■ Problem to work on: Exactly the lines from the one with "Eclipse 1973 - D18-Sun on the Ocean" through the end of the data below must be set down, and no pictures with them.

■ Data excerpt:
____

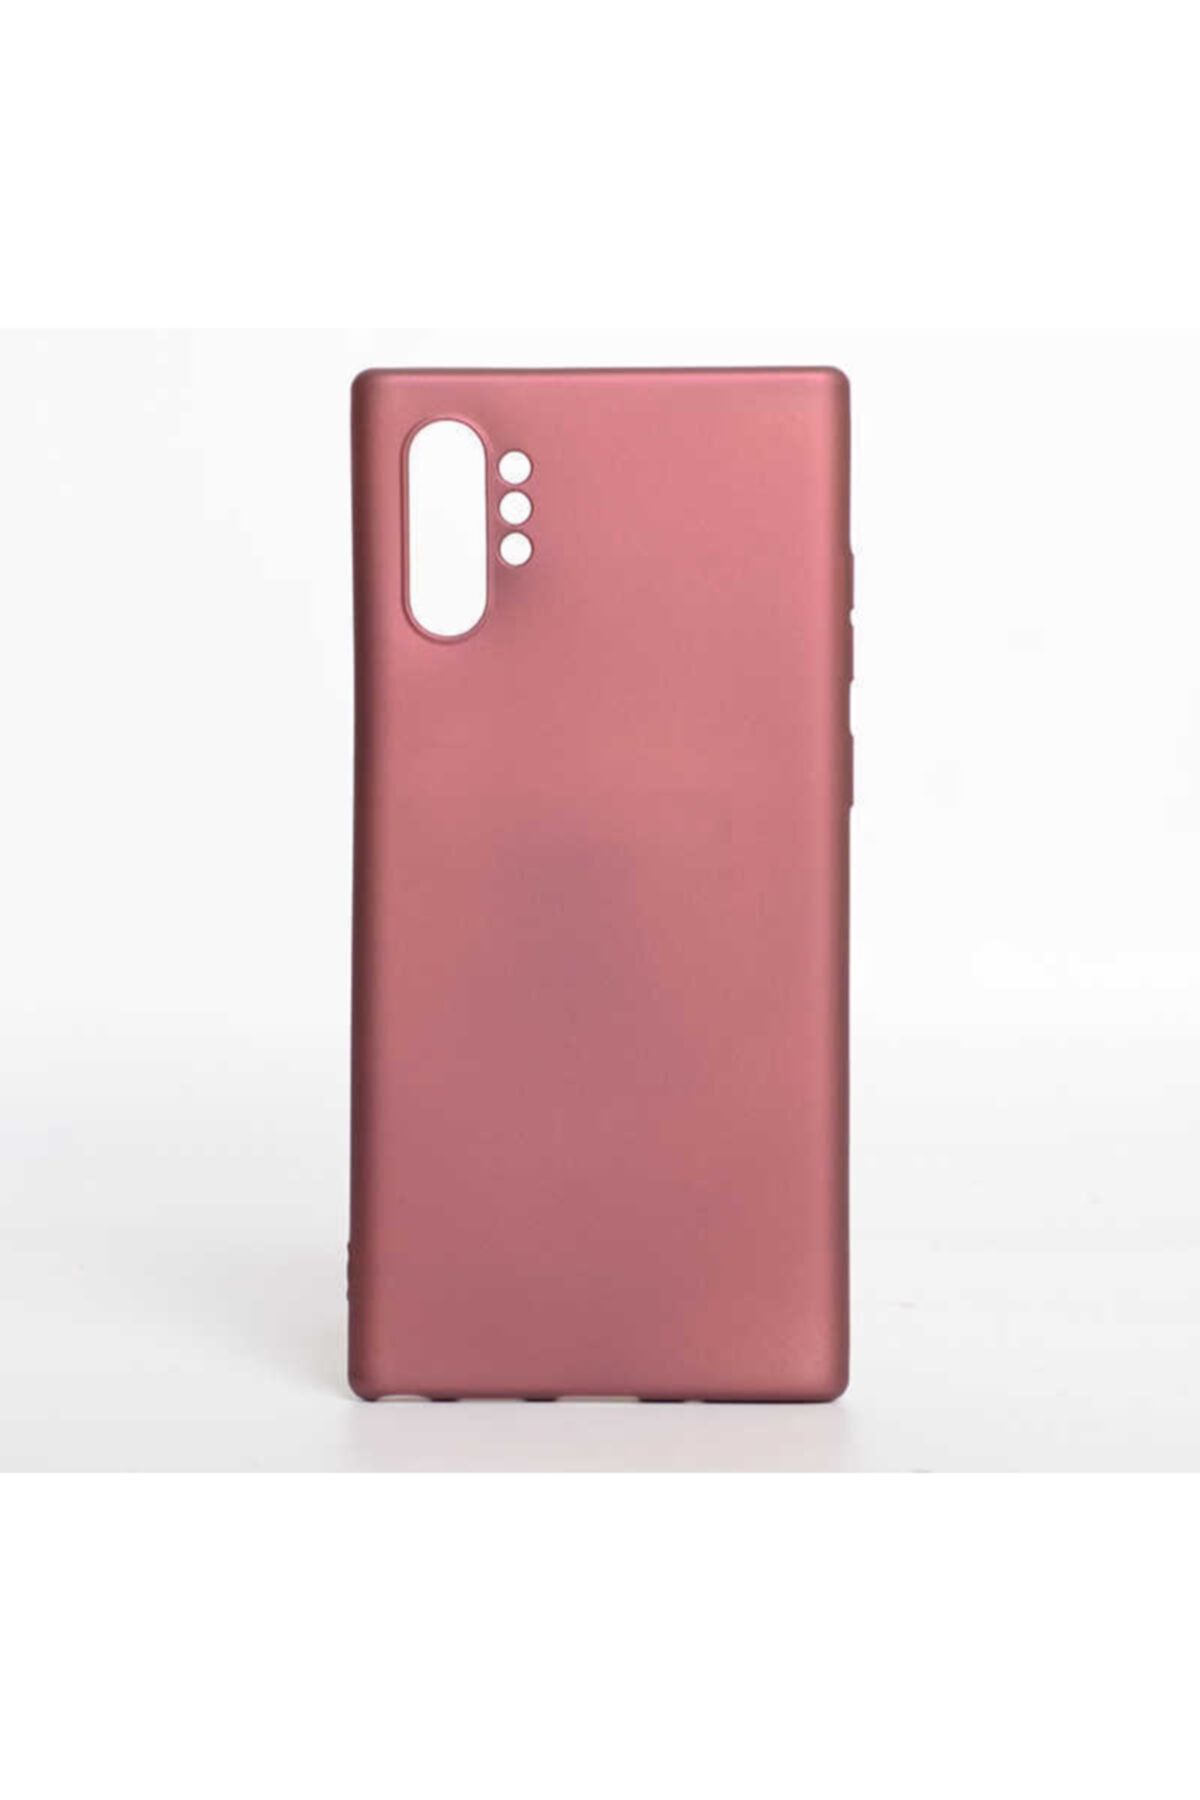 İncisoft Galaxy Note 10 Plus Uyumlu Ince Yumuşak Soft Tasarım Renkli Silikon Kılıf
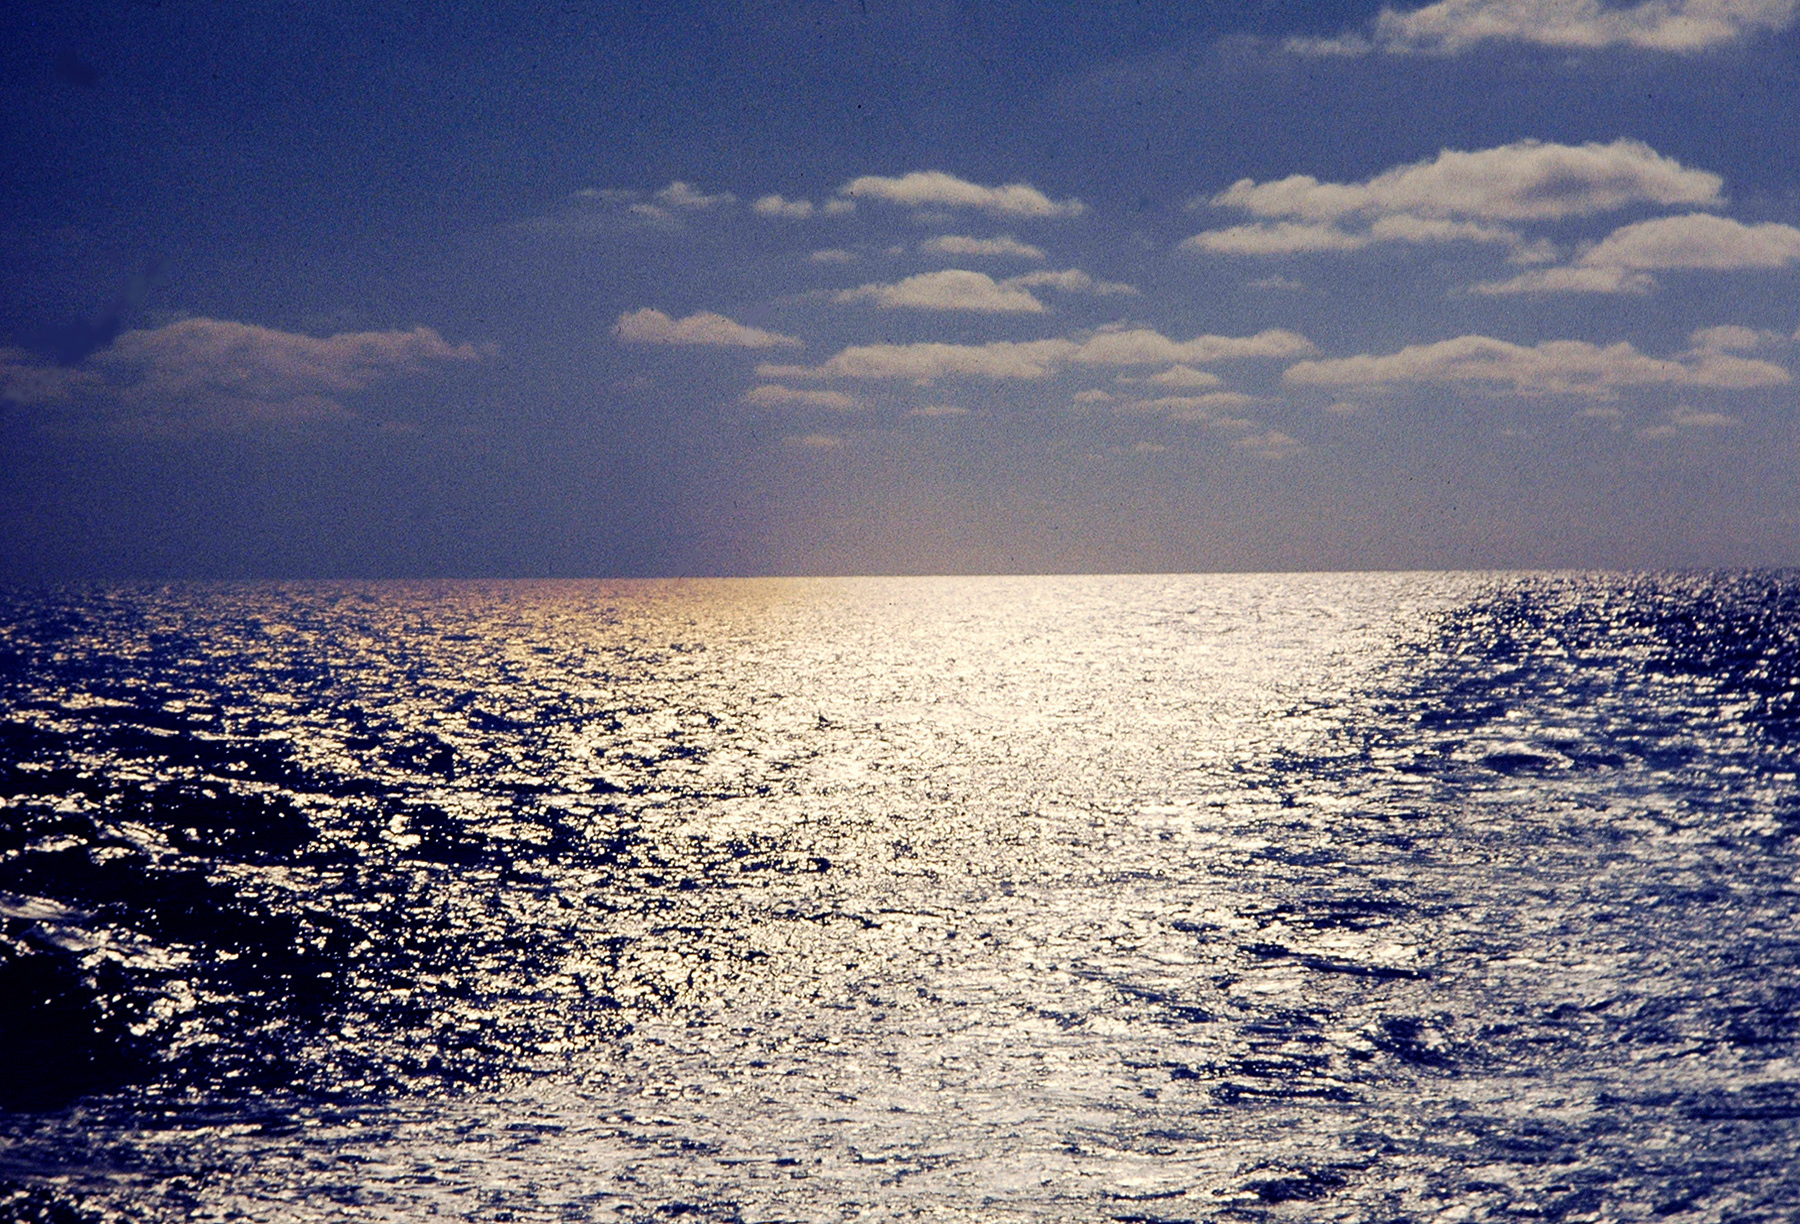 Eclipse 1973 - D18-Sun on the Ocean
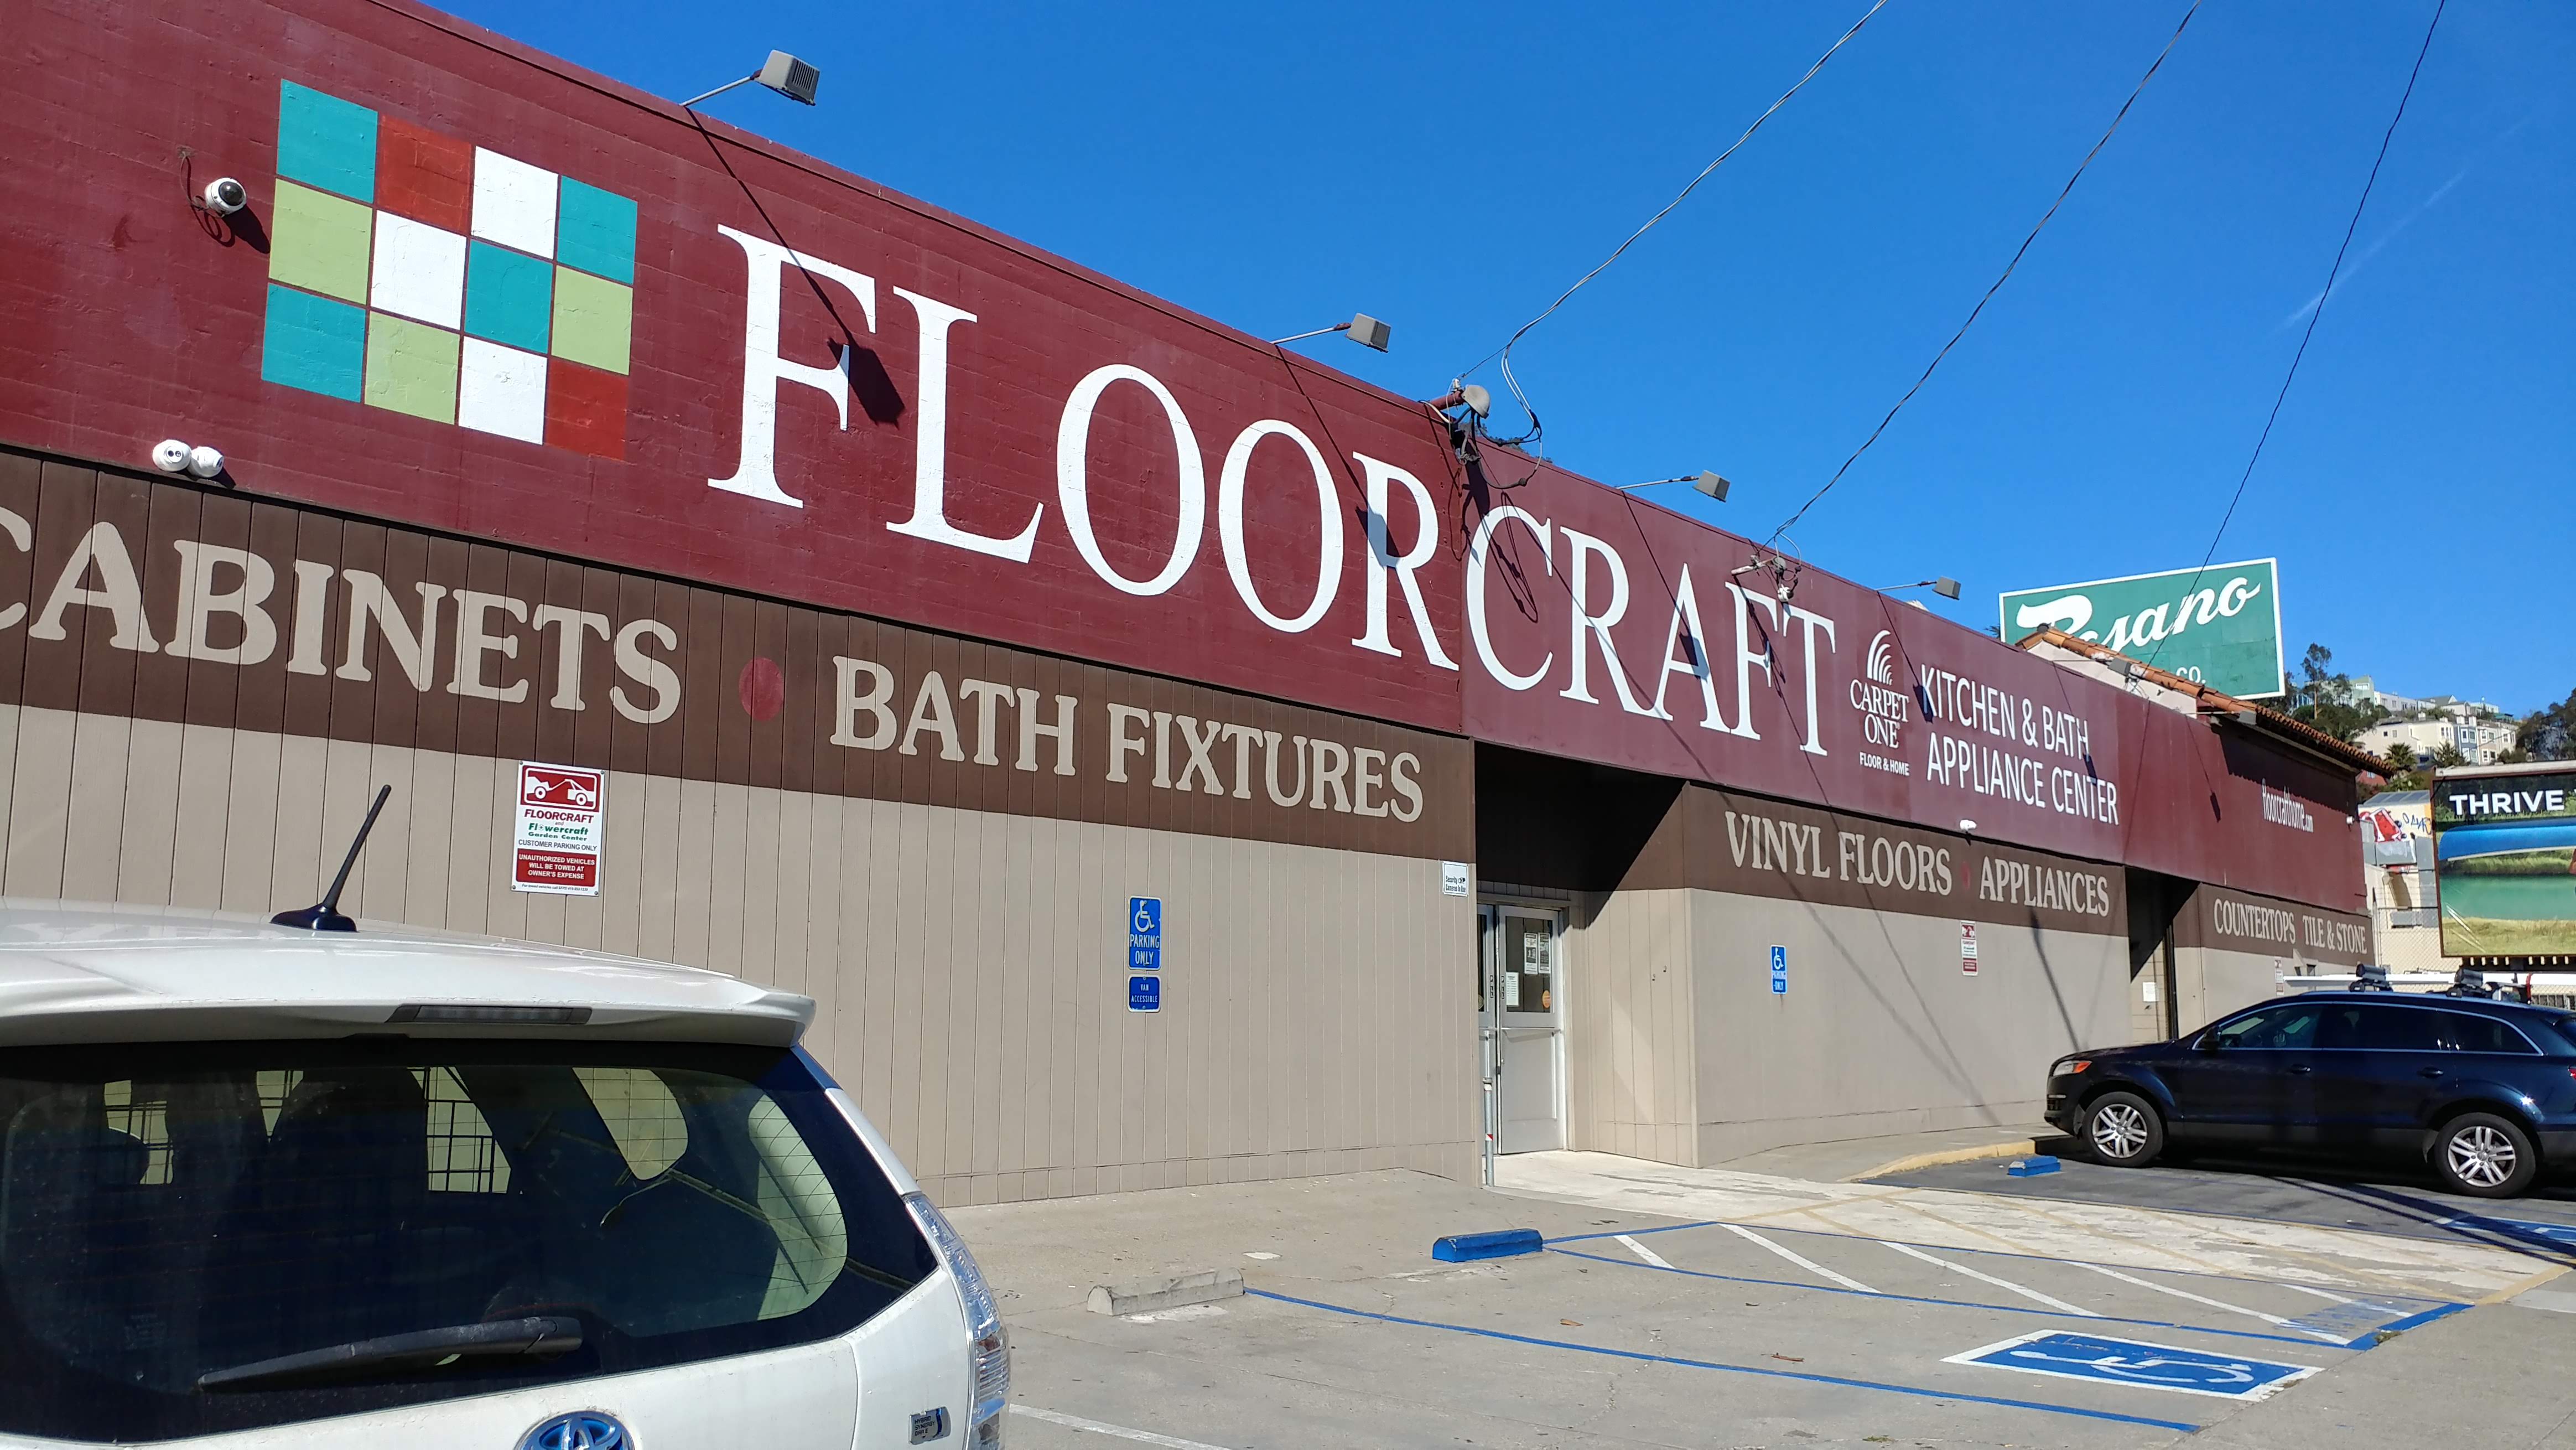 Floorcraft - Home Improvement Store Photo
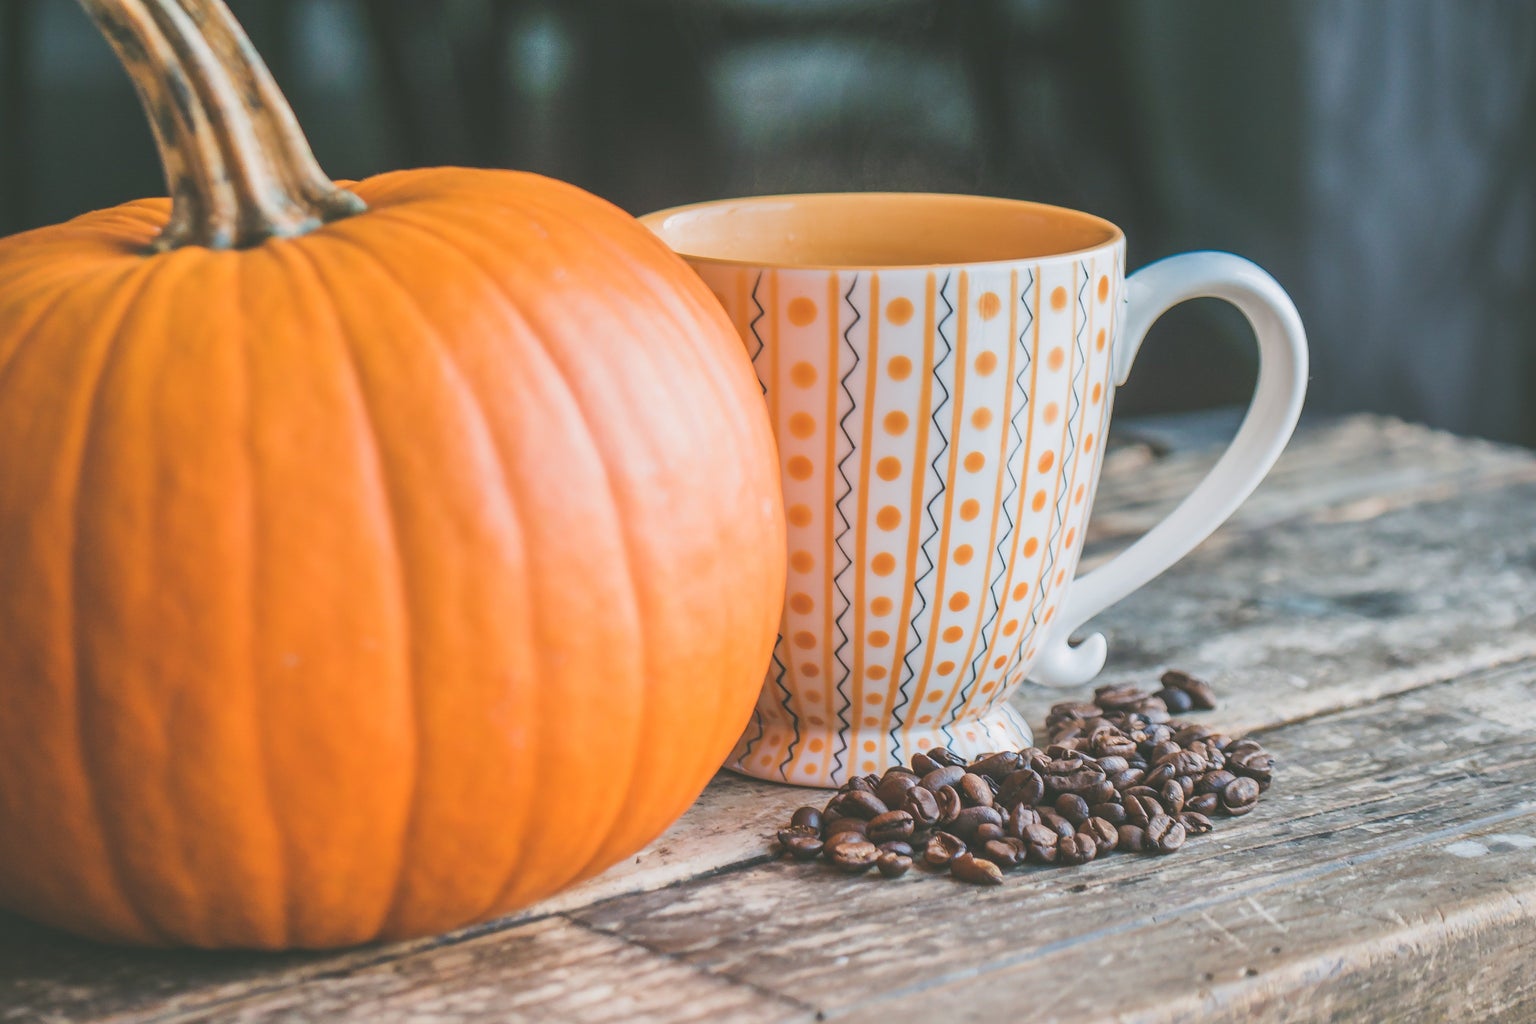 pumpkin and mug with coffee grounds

____

■ Answer box:
 Eclipse 1973 - D18-Sun on the Ocean
 Floorcraft - Home Improvement Store Photo
 pumpkin and mug with coffee grounds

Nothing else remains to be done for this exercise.